WARNING: I’m going to be very corny and, for some people, pathetic in this post.
This year hasn’t been easy at all. Trying to get over a relationship that I put my heart and energy to make it work is the hardest thing ever. And the saddest thing of all is that I still keep my hopes to be with him.
The latest revelation of how hard it’s to get over that former boyfriend I still think about hit me this last weekend. I went clubbing with my two best friends and we had a blast. But I kept staring at the different faces that surrounded me and passed by me. I even tried to look at faces that were far from me. I searched for the motherfucker. I searched and searched over and over again. My friends and I went to different places, I skimmed every face and every corner to find him. I was yearning to spot him at any moment in any place. But I failed. I didn’t run out with him.

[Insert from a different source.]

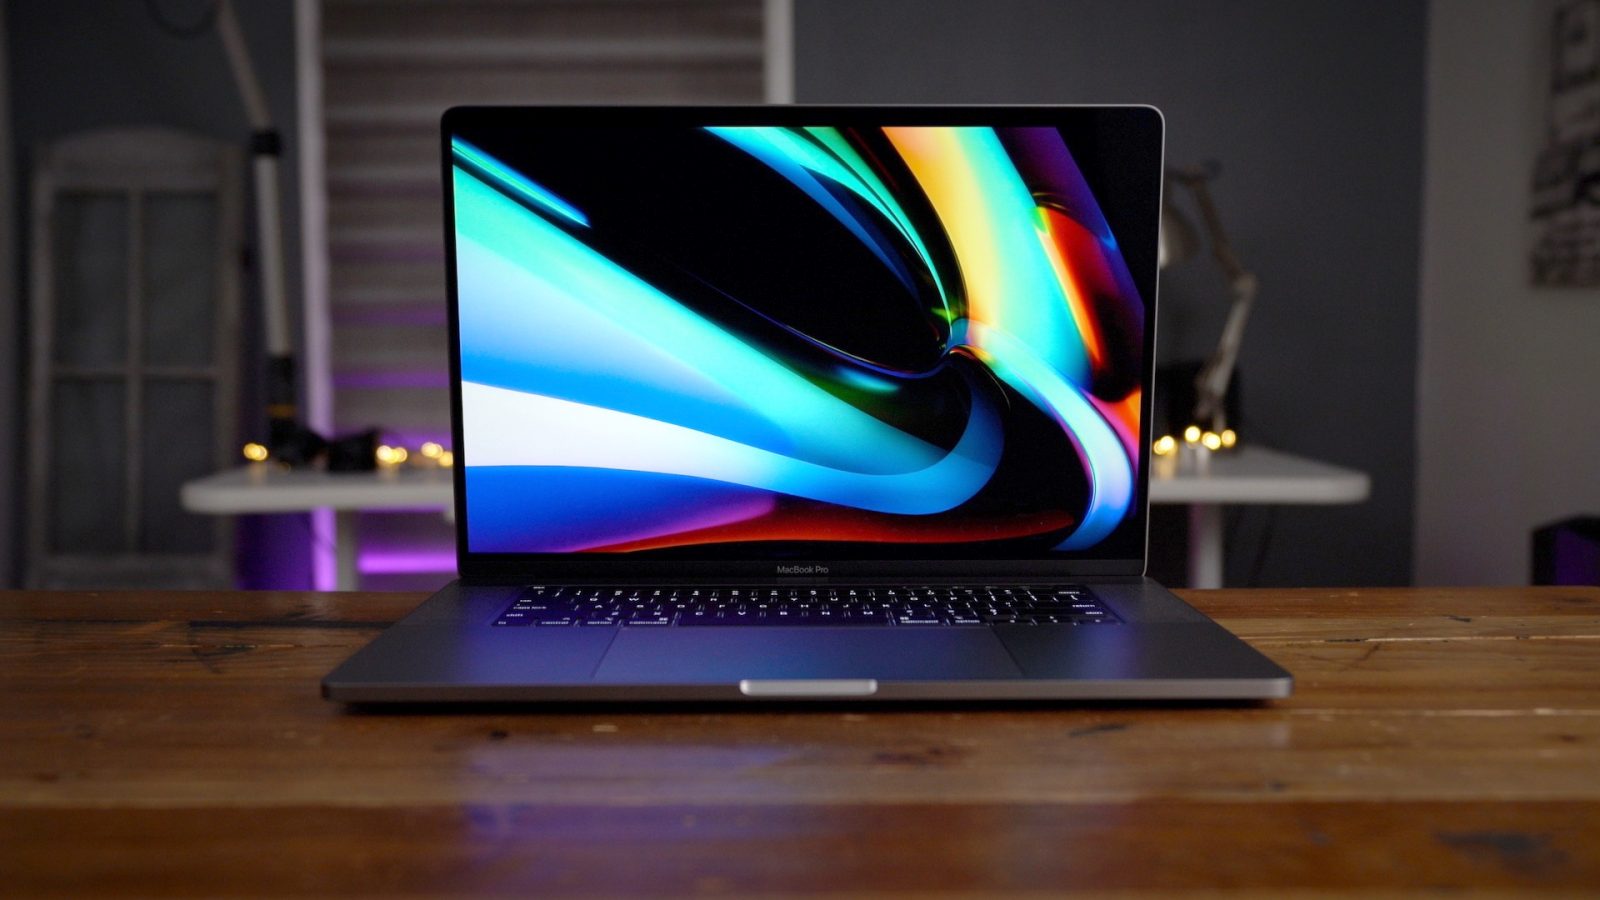 MacBook Pro 16 inch: Những cải tiến nổi bật so với các dòng Macbook

I went to the places he usually goes. Fortunately, or unfortunately, my friends like those places. I’m kind of getting the vibe of liking them as well. I doubt it is for the right reason.
Why do I keep punishing myself? Because I just love it. I love the way he makes my world crumble down. I love the way he crashes my self-esteem into dust. When I’m close to him, there’s no other reason to be. When I’m around him, nothing is good enough. I’m not good enough. I’m neither hot enough nor cool enough. He just made my world seems little and pathetic.
I’m not over him. But, I can’t keep thinking of him and crashing me this way. It’s not right at all.
I’m not very into Miley Cirus, however, whoever wrote her latest song, Wrecking Ball, knew what I was going through. He killed me with that song. And the best thing of all is I CAN’T STOP PLAYING THE SONG.